Fast moving walkways, telecommuting and anthropology
As part of the study, EPFL's TRACE Laboratory came up with the idea of building fast moving walkways that allow people to get around town quickly without a car. This invention has already caught the eye of the European Commission. Also at EPFL, a study was conducted into the mobility of those living in the Lake Geneva region. It showed that building strategic public transport links could influence the means of transport chosen by people over the long term. The disruptive influence of driverless cars was also analyzed. According to the researchers, these cars will play a unique role in how we get around since they are not designed to replace human-driven cars. At ETH Zurich, researchers looked into how people's timetables could be reorganized in a car-free society, especially by making greater use of telecommunications and telecommunicating. At USI, a difference was observed between German-speaking Switzerland and the French- and Italian-speaking parts of the country, with private cars slightly more popular in the latter regions.
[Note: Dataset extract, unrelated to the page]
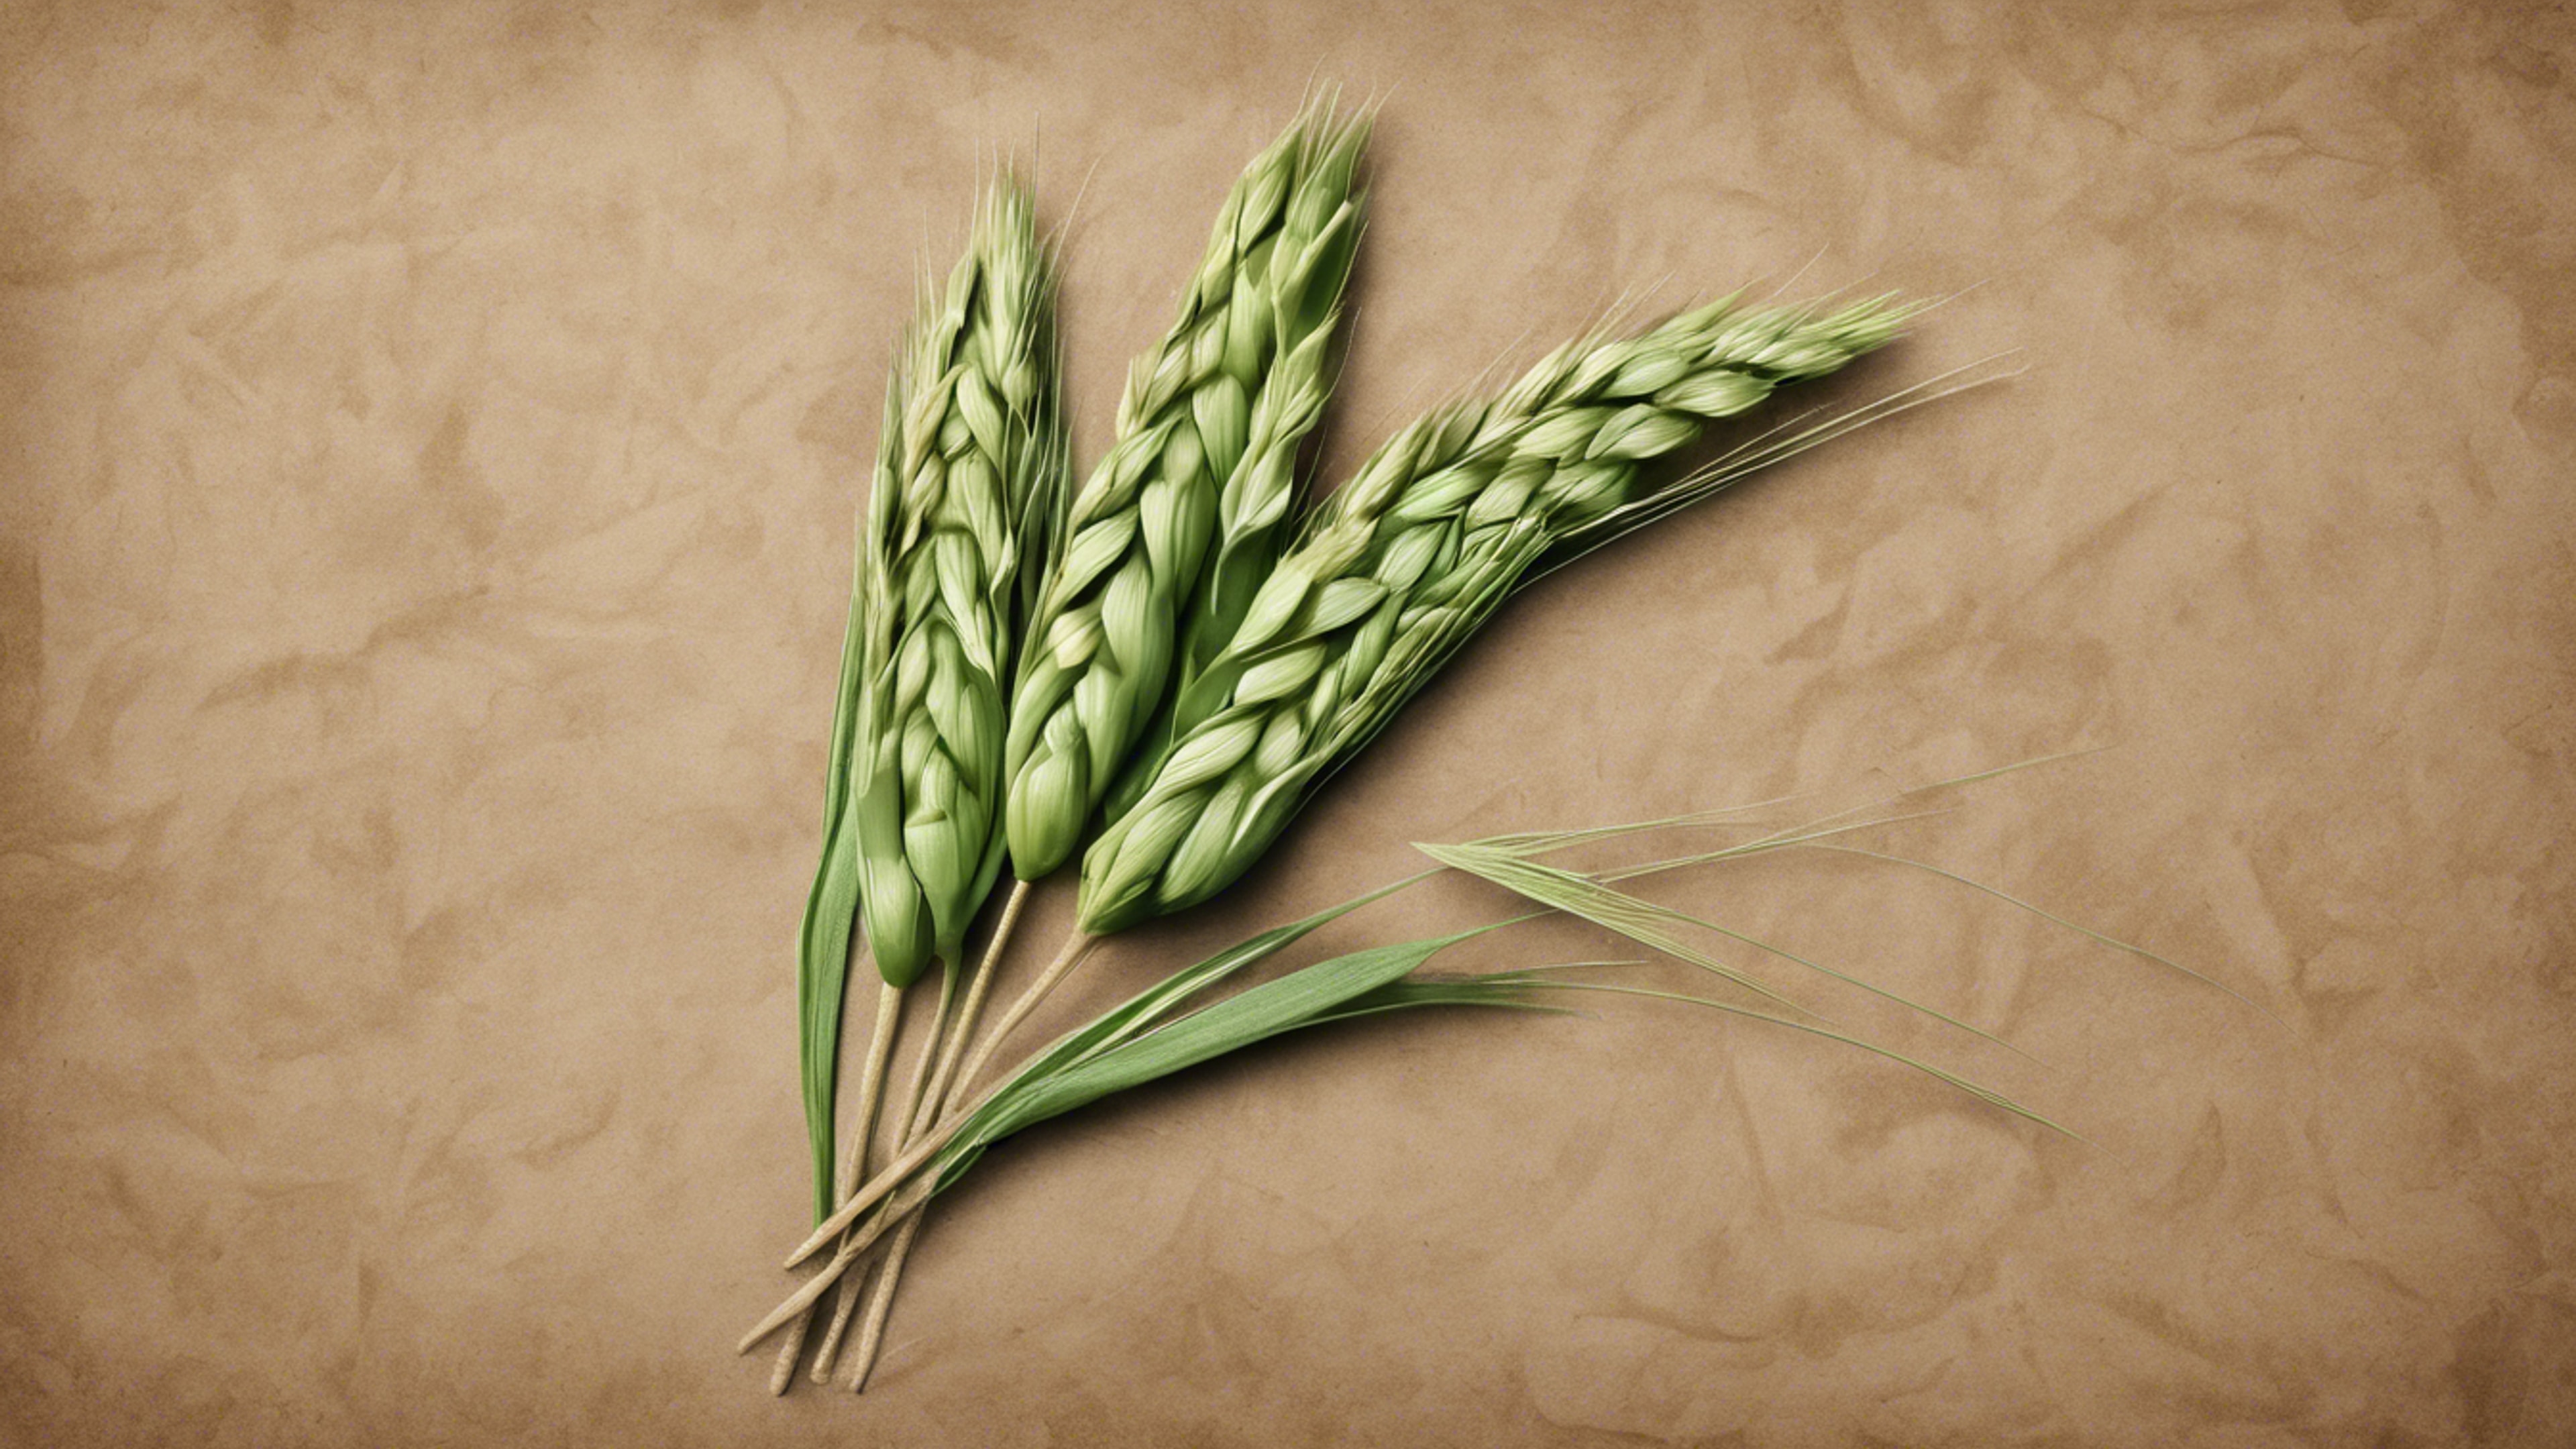 A detailed botanical illustration of a stalk of green wheat against an aged brown paper background.壁紙[958050ab552342b3bed0]

Kindling an in-depth debate
For the PostCarWorld researchers, a car-free world is much more likely now than it was 20 years ago. While the individual interviews revealed that Swiss people are contradictory in their approach to mobility, they also showed that people were increasingly aware of the issue and open-minded, and that their expectations were evolving. According to Lévy, "The balance is shifting. People living in downtown areas are aware that the cars polluting the air around them and creating noise come from outside the town, and that the fine particles they produce are deadly. Certain public policies have changed, but the Swiss Constitution sends a mixed signal: it sets sustainable development as an objective but also stipulates that people must be free to choose their means of transport. But does this right to mobility conflict with other rights, such as the right to health?"
According to the researchers, these contradictions are a product of the paradoxes of our time – and a sign that we are transitioning to a post-car society. "That picture-perfect image still used in car ads of a lone driver surrounded by the Grand Canyon resonates less these days: we spend more time stuck in traffic jams and our cars are equipped with such things as cameras and drowsiness and speed detectors. Drivers are expected to have the same reflexes as a machine and be able to absorb a lot of information at the same time. That's far removed from the pleasure of driving fast and conquering open spaces."